There are thread pool implementation changes since WLS 9.0: 
  • Previous versions
    • Multiple pools of threads 
    • See [7] on how to use the WebLogic 8.1 thread pool model for backward compatibility
  • WLS 9.0 and above
    • A single dynamically sized pool of threads (or self-tuning thread pool)
    • Self-tuning work manager[8,9]
New WebLogic Server uses a single thread pool, in which all types of work are executed. Here we summarize how the new implementation works:
  • WebLogic Server prioritizes work and allocates threads based on an execution model that takes into account 
    • Administrator-defined parameters 
    • Actual run-time performance 
      • Throughput
  • The common thread pool changes its size automatically to maximize throughput.
    • This new strategy makes it easier for administrators to allocate processing resources and manage performance, avoiding the effort and complexity involved in configuring, monitoring, and tuning custom executes queues. 
    • The queue monitors throughput over time and based on history, determines whether to adjust the thread count.  For example,
      • Thread count will be increased when:
        • If historical throughput statistics indicate that a higher thread count increased throughput, WebLogic increases the thread count. 
      • Thread count will be reduced when
        • If statistics indicate that fewer threads did not reduce throughput, WebLogic decreases the thread count. 
In general, the self-tuning thread pool changes its size automatically to maximize throughput, so in normal cases there is nothing you need to do aside from monitoring it to understand the behavior of your server under different types of load.

WebLogic Server Monitoring Dashboard


From the Oracle WebLogic Administration Console, you can navigate to

  • Servers | SalesServer_1 | Monitoring | Threads 

to view important statistics related to thread pool and thread pool threads.

Everything from Active Execute Threads to Min Threads Contrain Complete is shown on this page.

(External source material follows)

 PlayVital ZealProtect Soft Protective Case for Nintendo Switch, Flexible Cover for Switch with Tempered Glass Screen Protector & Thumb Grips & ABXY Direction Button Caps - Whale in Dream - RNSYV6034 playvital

From the dashboard, the thread pool runtime can be monitored in real-time. The key KPI's to monitor include[2]:
  • Hogging Thread Count 
    • The threads that are being held by a request right now. These threads will either be declared as stuck after the configured timeout or will return to the pool before that. The self-tuning mechanism will backfill if necessary.
  • Pending User Request Count
    • The number of pending user requests in the priority queue. The priority queue contains requests from internal subsystems and users. This is just the count of all user requests.
  • Queue Length
    • The number of requests queued up when you don’t have idle threads.  
On a low usage environment, these should ideally be hovering around zero.

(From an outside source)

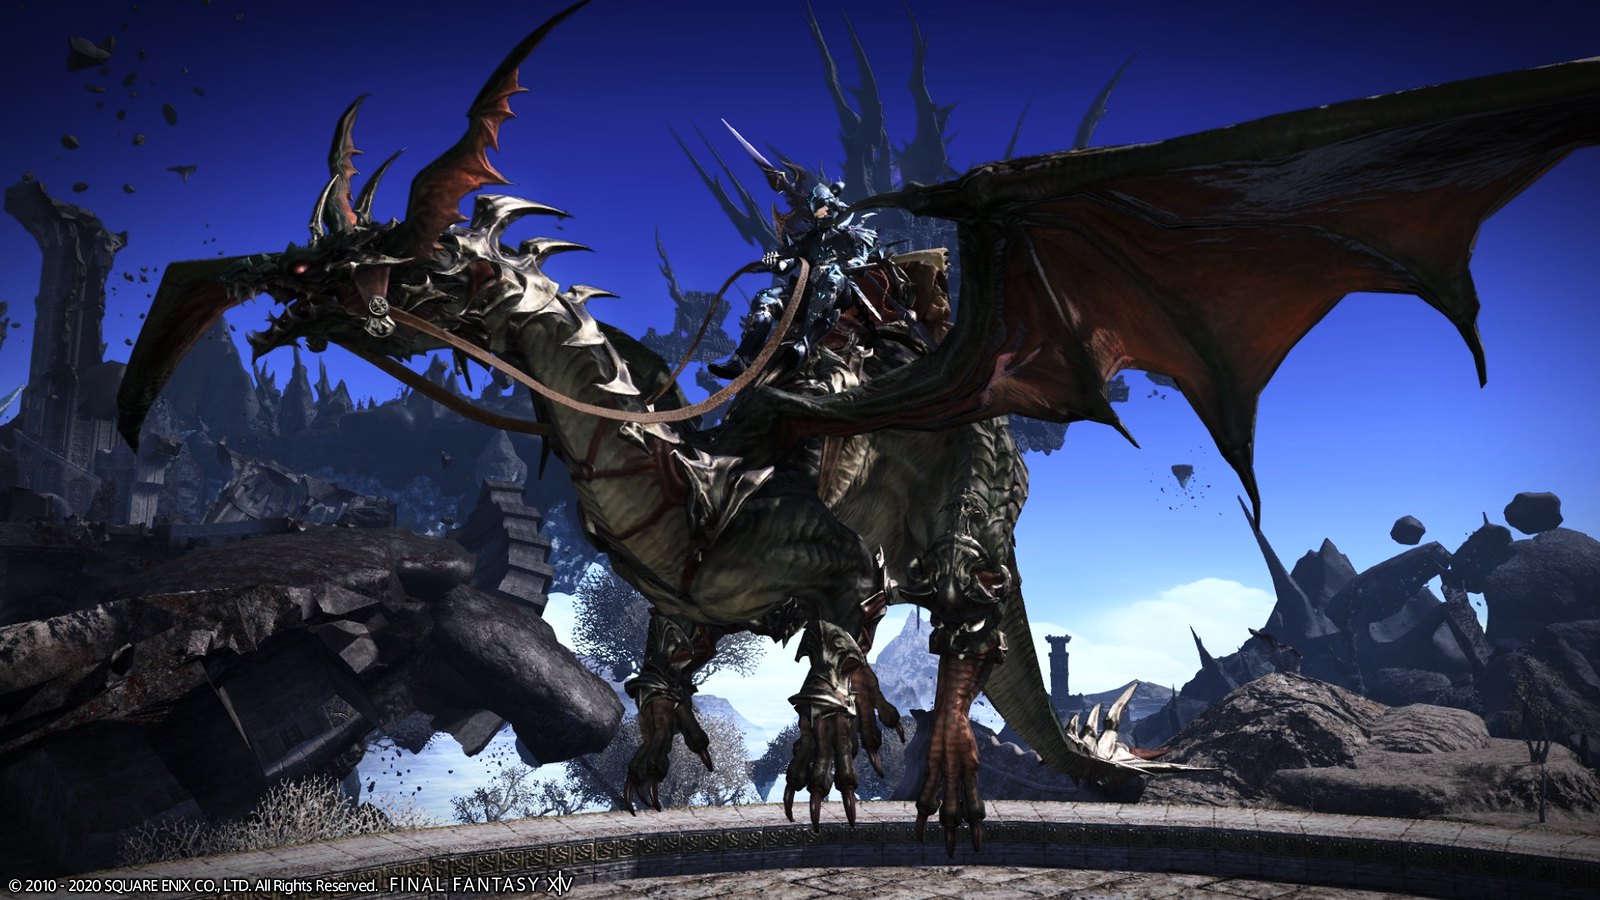 Final Fantasy XIV online patch 5.3 Live tomorrow with major updates for newcomers

Another KPI worth of monitoring is
  • Throughput
    • The Throughput is a single value that denotes the mean number of requests completed per second. 
The higher this value is, the better it is.

Pool Size


In some cases, you do want to set the range of pool size.  For example, for our Fusion Application benchmarks, our area of interest is in the JVM (i.e, not upper layers).  In that case, we want to reduce the variation introduced by the self-tuning of thread pool and set our thread pool size to be:
  • -Dweblogic.threadpool.MinPoolSize=32 -Dweblogic.threadpool.MaxPoolSize=32
The general rule[4] for pool sizing or other kinds of tuning is to start with no specific tuning and then configure Work Managers only to address specific problems that might arise. Aggressively configuring Work Managers for a specific environment can end up hurting performance when your application, workload, or underlying system changes.

Stuck Threads


If an execute thread is being hogged by a request for much more than the normal execution time (as automatically observed by the scheduler), it's declared as a hogger.  These threads will either be declared as stuck after the configured timeout (by default, 10 min of processing time) or will return to the pool before that.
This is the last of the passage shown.